Interest on PF contribution above Rs 2.5 lakh to be taxable including government employees covered under GPF, says CBDT Chairman

Interest on PF contribution - government employees - GPF - CBDT Chairman - Taxscan

Finance minister Nirmala Sitharaman had announced in the Budget that employee contributions to the Employees’ Provident Fund (EPF) over Rs.2.5 lakh a year would be taxable from April 1.

The move is set to impact people with high incomes and high contributions to EPF, but the government has argued that it will affect less than 1% of contributors. 

The  Central Board of Direct Taxes (CBDT) chairman Pramod Chandra Mody said that the Budget provision that makes interest on employee contributions exceeding Rs.2.5 lakh a year to the Employees’ Provident Fund (EPF) taxable will also be applicable to all government employees covered by the General Provident Fund (GPF).

Mr.

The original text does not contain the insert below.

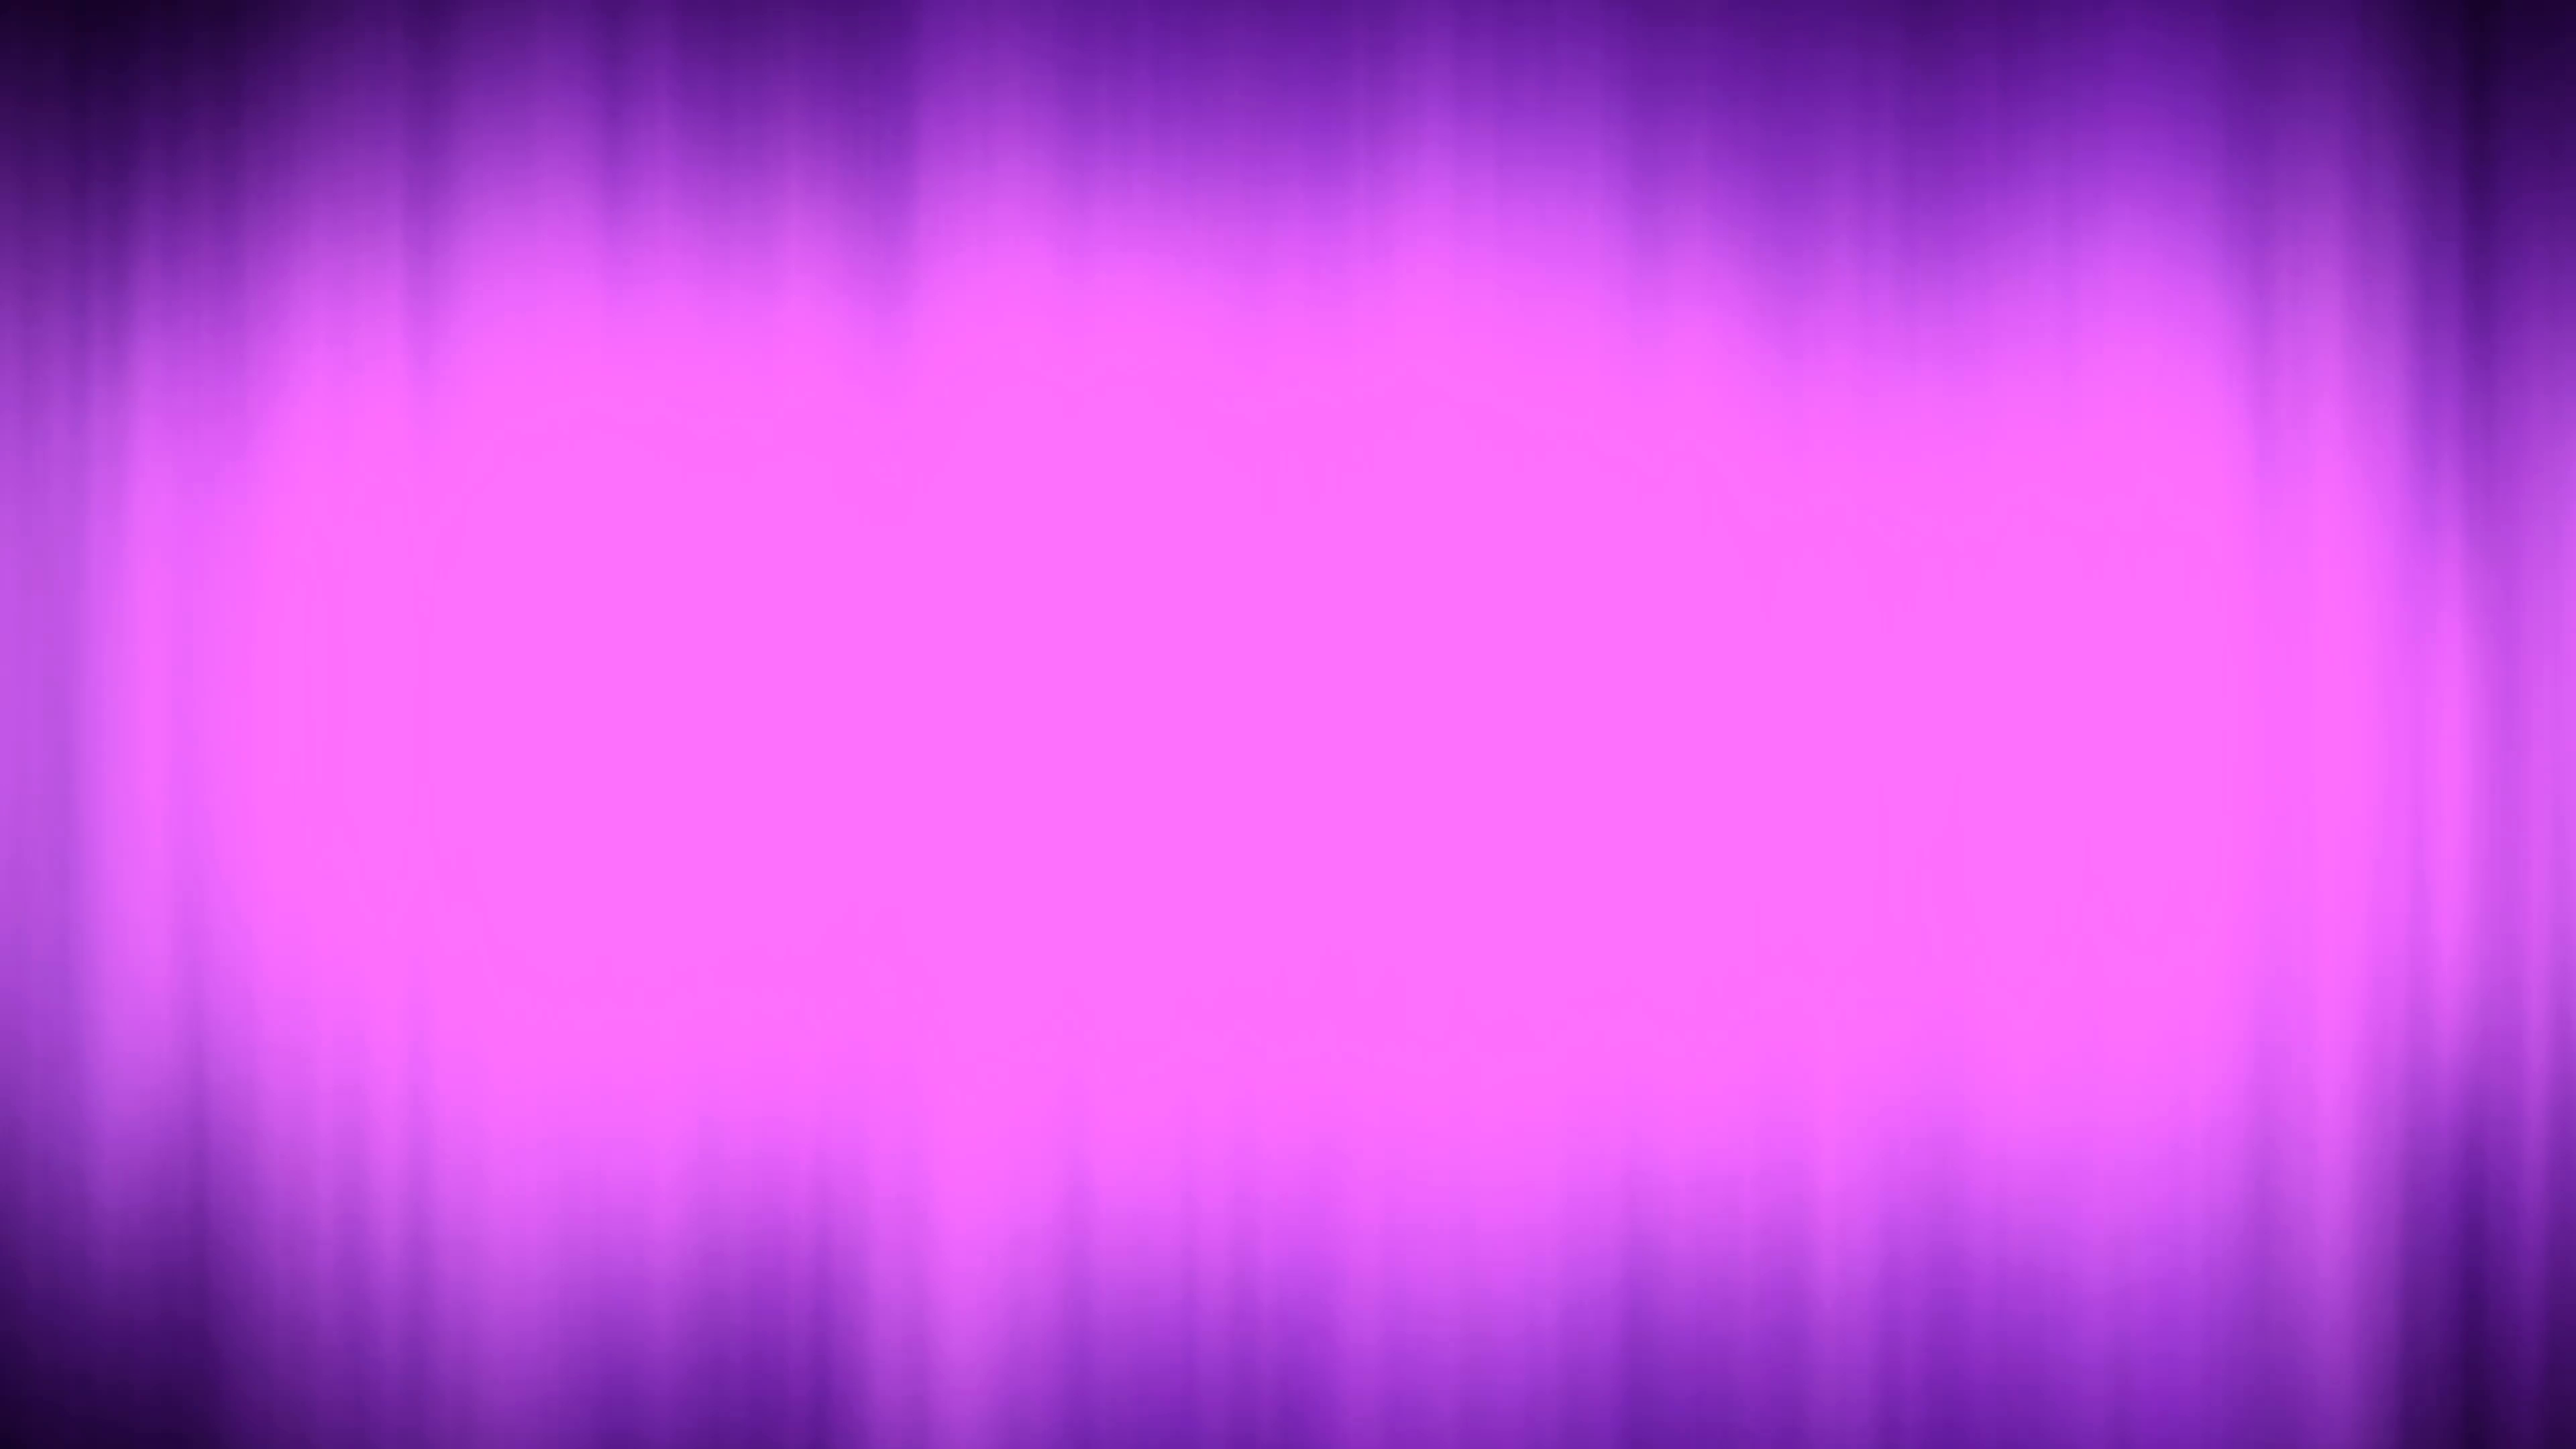 After Effects Lyric Video Template Luxury 4k Purple Aurora Motion Background Loop Audio Waveform

Mody while answering the query how the taxation proposal would be implemented at the time of retirement or withdrawal from the PF account, or by deducting tax at the time of crediting interest, said that though PF account holders may have the option to withdraw or not, the determination of the tax was very clear.

“Everybody is covered, even GPF. This is also applicable to government officials, including me. The law is equal for everybody,” Mody said.

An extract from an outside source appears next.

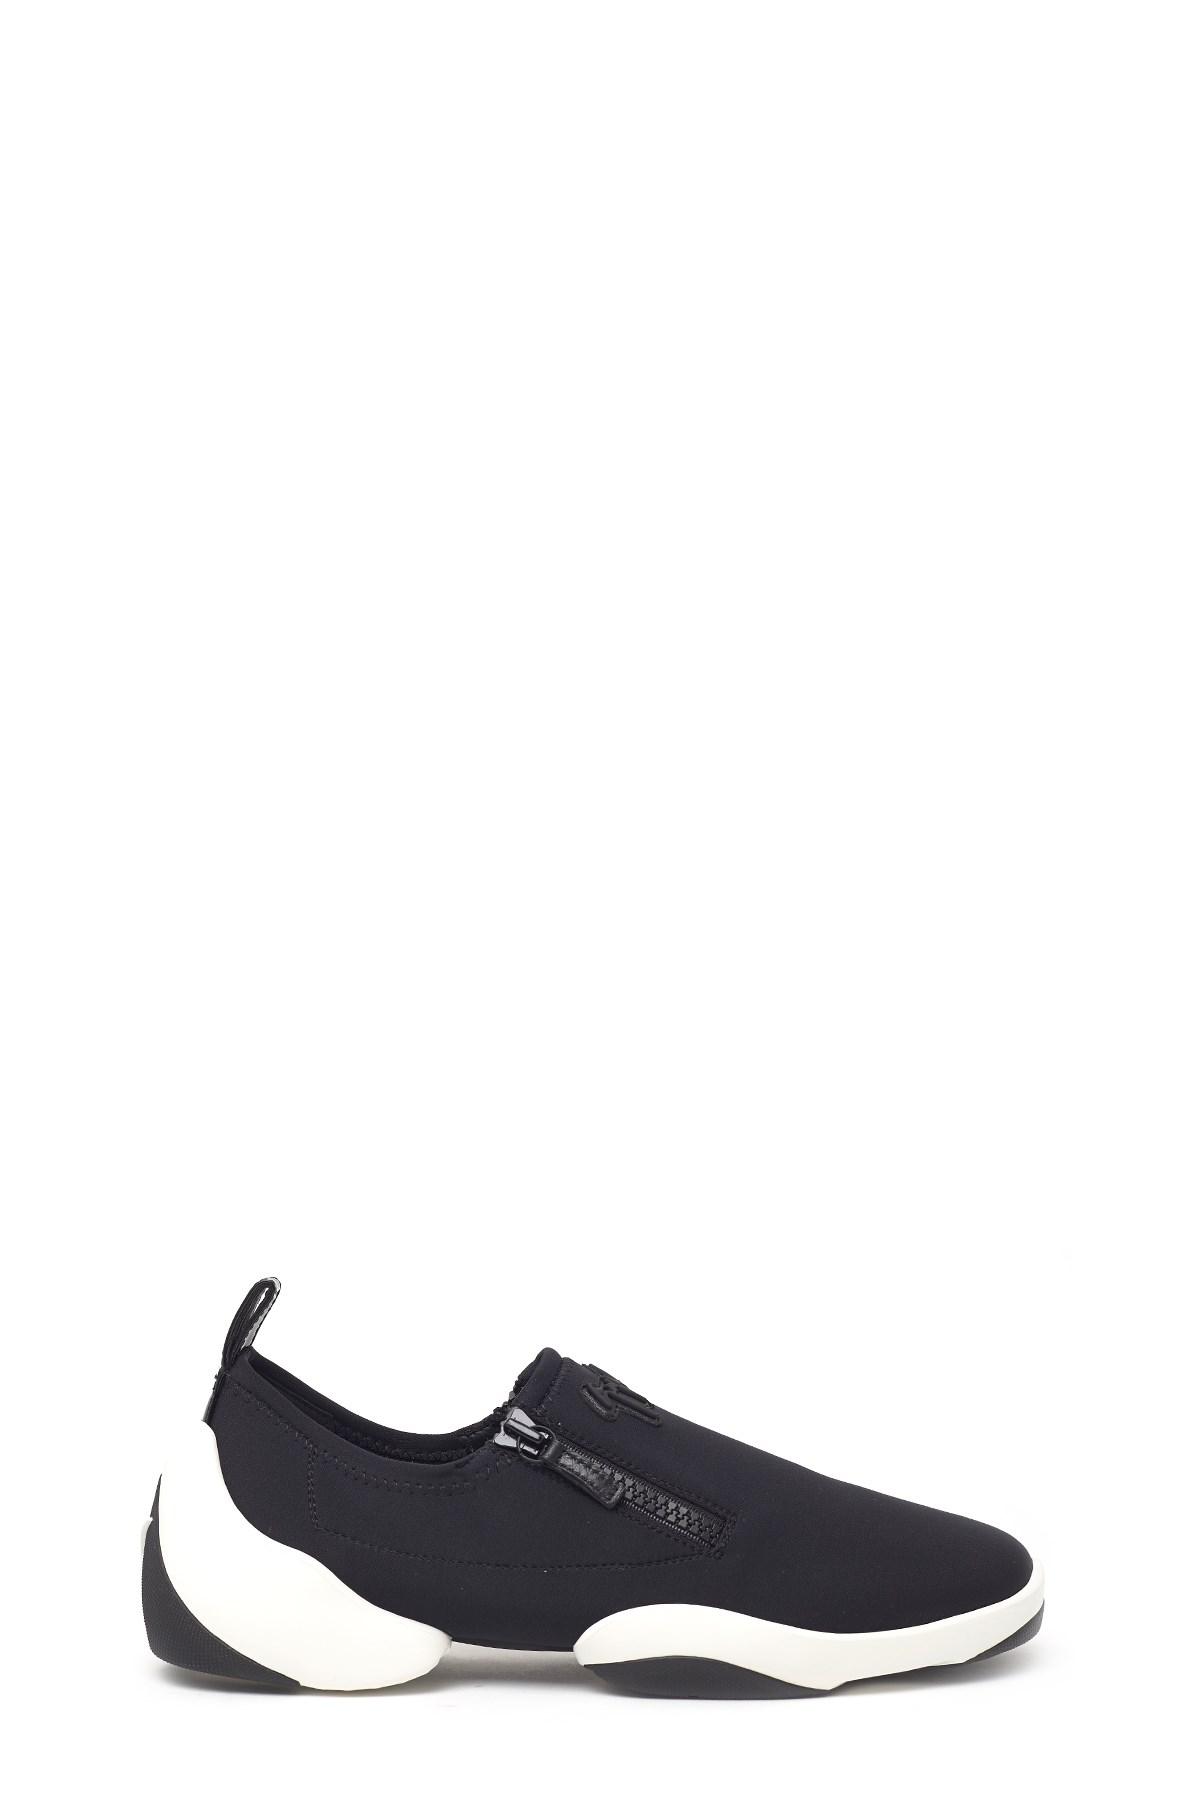 ca922674882ea giuseppe zanotti 'light jump' sneakers available on julian-fashion ...

As per the Central Board of Direct Taxes chairman, the new provision, which will be applicable for contributions made from April 1, 2021, would not affect most provident fund subscribers.

“If we see the total number of beneficiaries in this [PF] segment, then most of them are within the Rs.2.5 lakh limit. Only a small section of taxpayers makes annual contributions above Rs.2.5 lakh,” he said.

“The interest portion is calculable on a year-to-year basis, and that will go on an accrual basis, so that is taxable on your calculations in that particular year. If I am contributing into the GPF, I know how much interest I have received that year. That should be brought to tax in that very year. That is very simple, it’s just like bank interest,” he added.

“So, at the time of filing tax returns, you have to factor in the interest which you are receiving on that. For you and me, it is the same. It is for both the government employee and private sector employees,” Mr. Mody said.

The Contributions to EPF above Rs.2.5 lakh a year will be kept in a separate basket and taxed in a similar way as fixed deposits, without any double taxation, said Kamlesh Varshney, joint secretary, tax policy division at the CBDT.